Task details -> Copy out exactly the stretch below, from the line with "Formal dining area" through the line with "High-availability, data protection", both included; the pictures stay out.

Material to process ->
------------------------------------------------

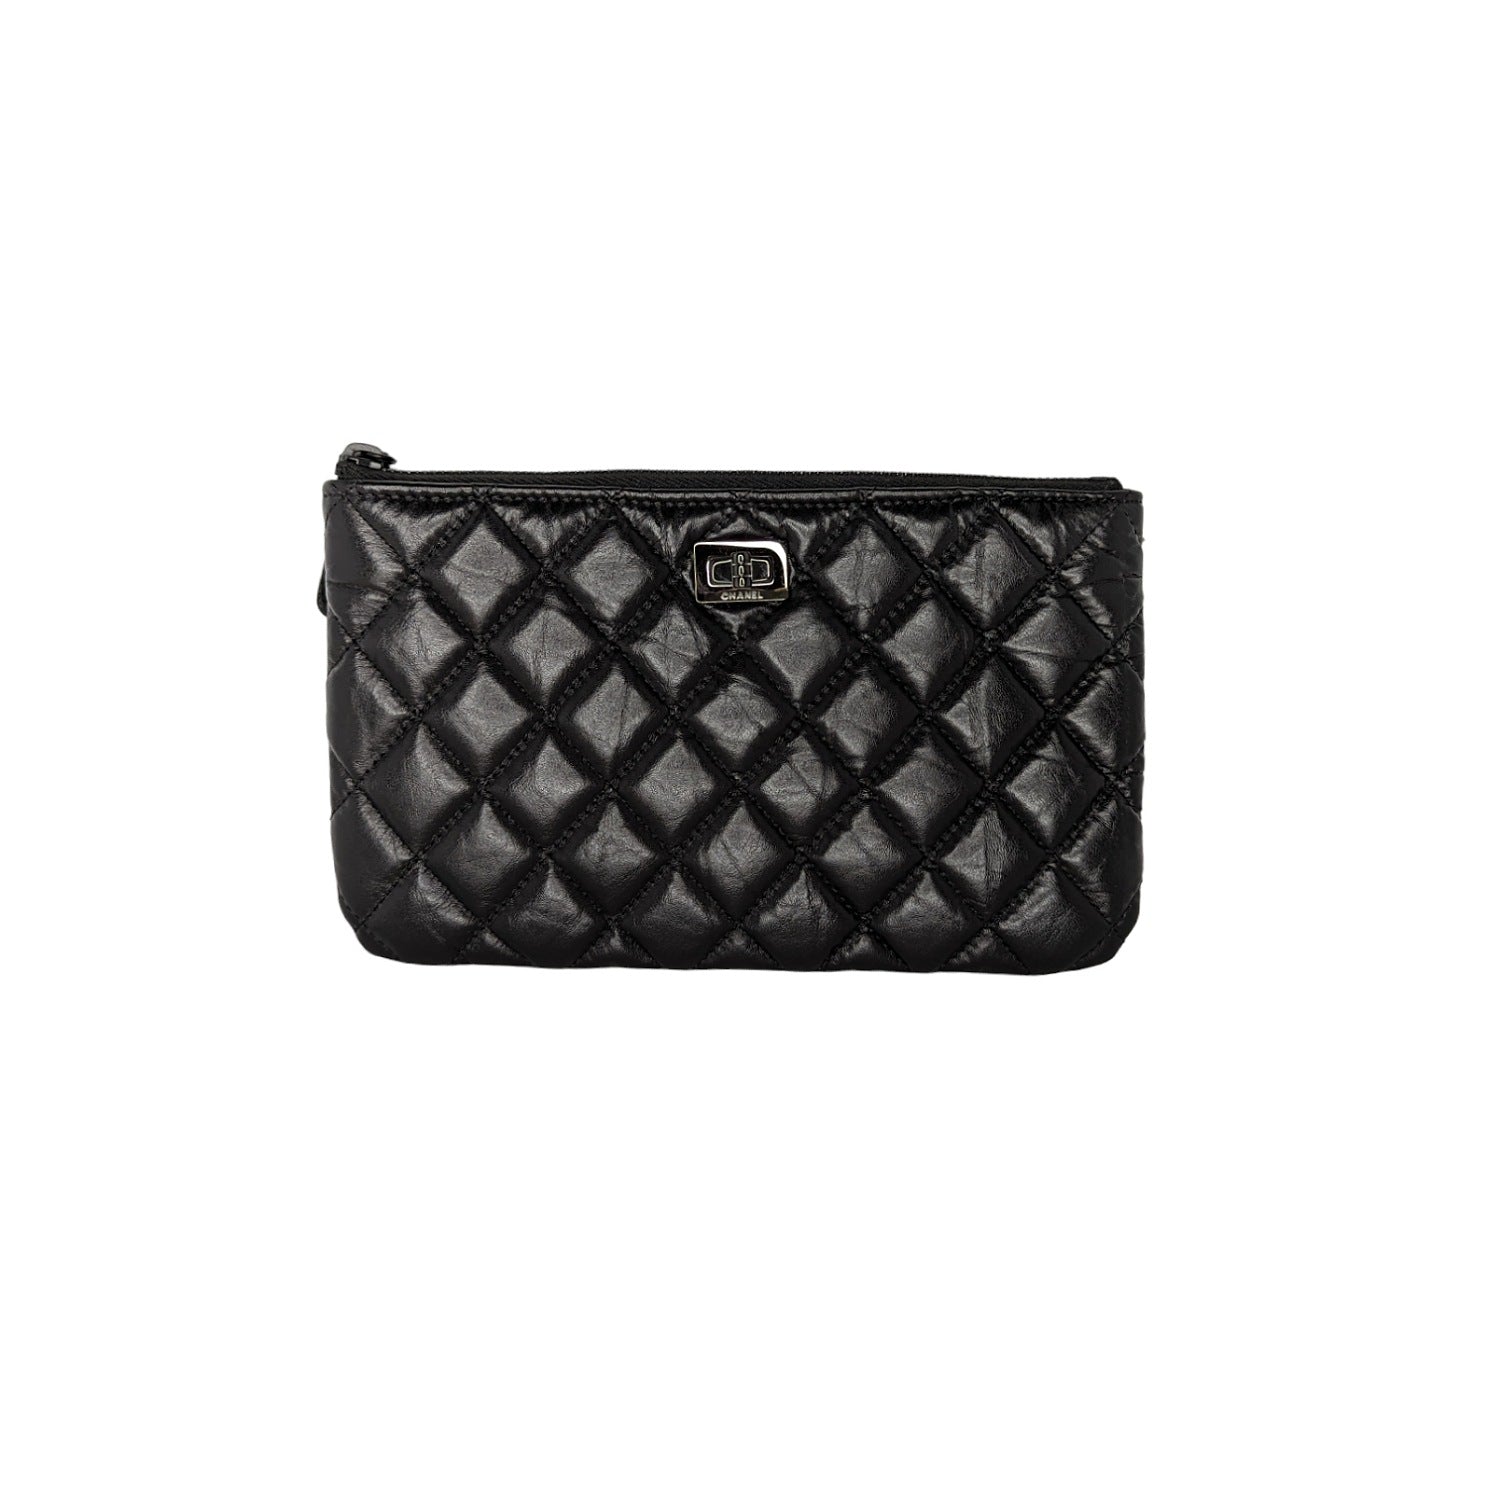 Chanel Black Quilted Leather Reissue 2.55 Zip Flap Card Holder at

------------------------------------------------

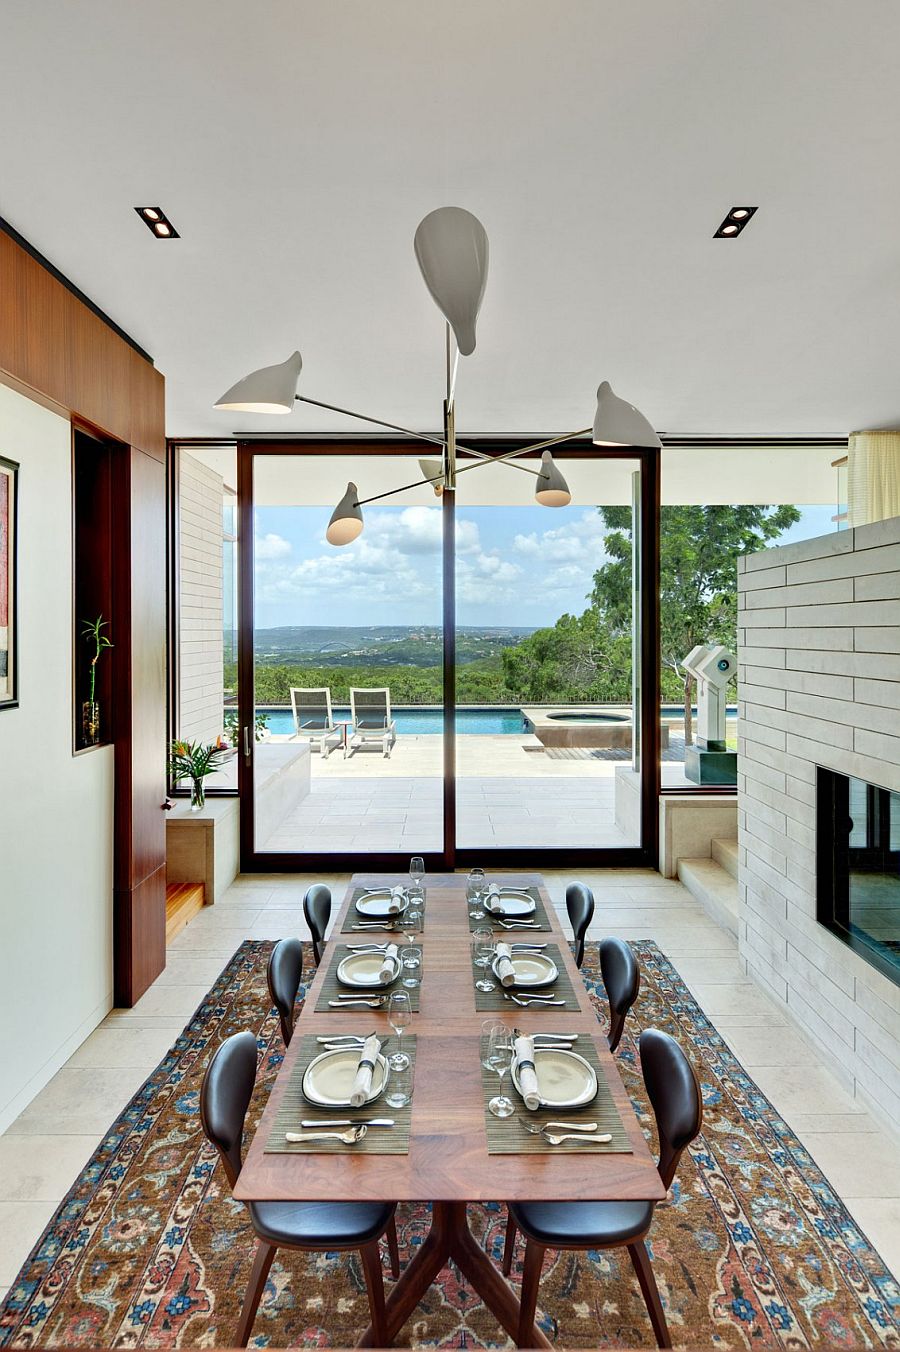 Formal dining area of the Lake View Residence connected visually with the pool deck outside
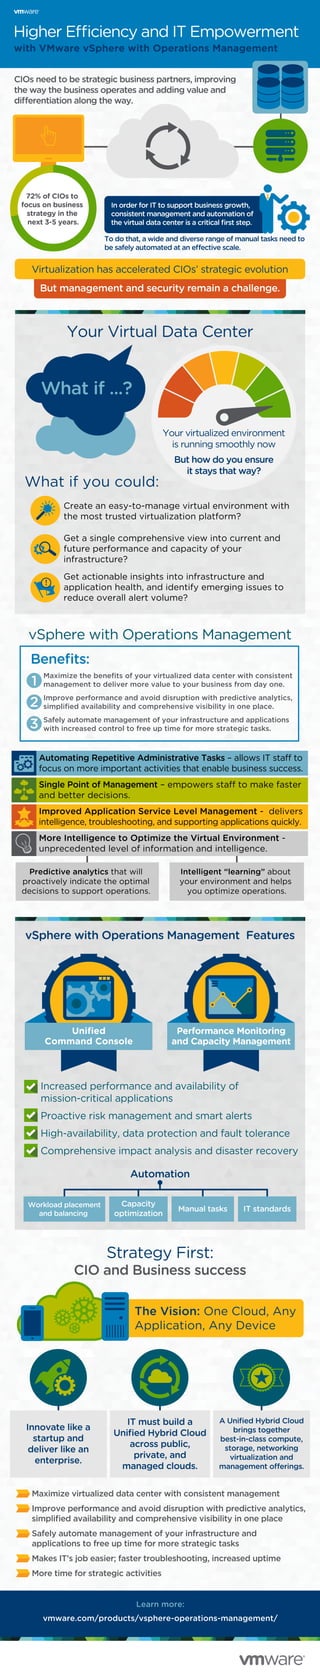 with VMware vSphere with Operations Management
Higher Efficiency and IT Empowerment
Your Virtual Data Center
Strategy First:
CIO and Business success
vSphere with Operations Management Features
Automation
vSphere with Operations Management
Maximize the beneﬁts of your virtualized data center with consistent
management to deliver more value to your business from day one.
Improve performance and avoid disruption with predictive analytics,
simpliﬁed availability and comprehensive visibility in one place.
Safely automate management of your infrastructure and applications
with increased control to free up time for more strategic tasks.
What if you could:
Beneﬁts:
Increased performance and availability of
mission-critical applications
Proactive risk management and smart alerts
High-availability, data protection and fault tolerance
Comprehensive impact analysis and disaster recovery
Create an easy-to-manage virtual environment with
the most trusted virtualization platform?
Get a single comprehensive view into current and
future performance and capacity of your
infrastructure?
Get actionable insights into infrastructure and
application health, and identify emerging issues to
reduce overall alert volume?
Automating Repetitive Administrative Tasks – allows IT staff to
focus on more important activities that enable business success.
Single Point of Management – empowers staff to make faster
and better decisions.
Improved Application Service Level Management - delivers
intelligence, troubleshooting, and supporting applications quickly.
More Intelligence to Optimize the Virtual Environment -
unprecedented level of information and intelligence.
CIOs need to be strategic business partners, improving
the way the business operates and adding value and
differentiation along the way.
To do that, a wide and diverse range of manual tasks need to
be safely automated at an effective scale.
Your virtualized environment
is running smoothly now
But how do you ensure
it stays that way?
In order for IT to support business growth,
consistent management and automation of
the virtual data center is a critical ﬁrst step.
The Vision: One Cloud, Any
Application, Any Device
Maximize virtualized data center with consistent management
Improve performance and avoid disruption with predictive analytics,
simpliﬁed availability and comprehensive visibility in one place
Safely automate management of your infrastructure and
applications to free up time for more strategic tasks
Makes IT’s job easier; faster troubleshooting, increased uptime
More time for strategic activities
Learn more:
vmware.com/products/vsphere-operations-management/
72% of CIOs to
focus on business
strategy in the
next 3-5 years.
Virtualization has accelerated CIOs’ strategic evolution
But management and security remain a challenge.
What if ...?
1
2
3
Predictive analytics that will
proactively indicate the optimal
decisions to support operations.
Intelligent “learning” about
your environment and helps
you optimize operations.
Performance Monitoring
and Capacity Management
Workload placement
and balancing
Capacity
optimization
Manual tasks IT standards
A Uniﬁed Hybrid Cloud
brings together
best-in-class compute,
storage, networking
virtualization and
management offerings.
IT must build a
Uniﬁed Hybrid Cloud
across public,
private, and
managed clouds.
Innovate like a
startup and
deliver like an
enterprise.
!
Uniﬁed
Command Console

------------------------------------------------

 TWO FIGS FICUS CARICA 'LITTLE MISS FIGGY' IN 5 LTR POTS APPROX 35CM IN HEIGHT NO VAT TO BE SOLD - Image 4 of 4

------------------------------------------------

Response to the exercise ->
 Formal dining area of the Lake View Residence connected visually with the pool deck outside
 with VMware vSphere with Operations Management
Higher Efficiency and IT Empowerment
Your Virtual Data Center
Strategy First:
CIO and Business success
vSphere with Operations Management Features
Automation
vSphere with Operations Management
Maximize the beneﬁts of your virtualized data center with consistent
management to deliver more value to your business from day one.
Improve performance and avoid disruption with predictive analytics,
simpliﬁed availability and comprehensive visibility in one place.
Safely automate management of your infrastructure and applications
with increased control to free up time for more strategic tasks.
What if you could:
Beneﬁts:
Increased performance and availability of
mission-critical applications
Proactive risk management and smart alerts
High-availability, data protection and fault tolerance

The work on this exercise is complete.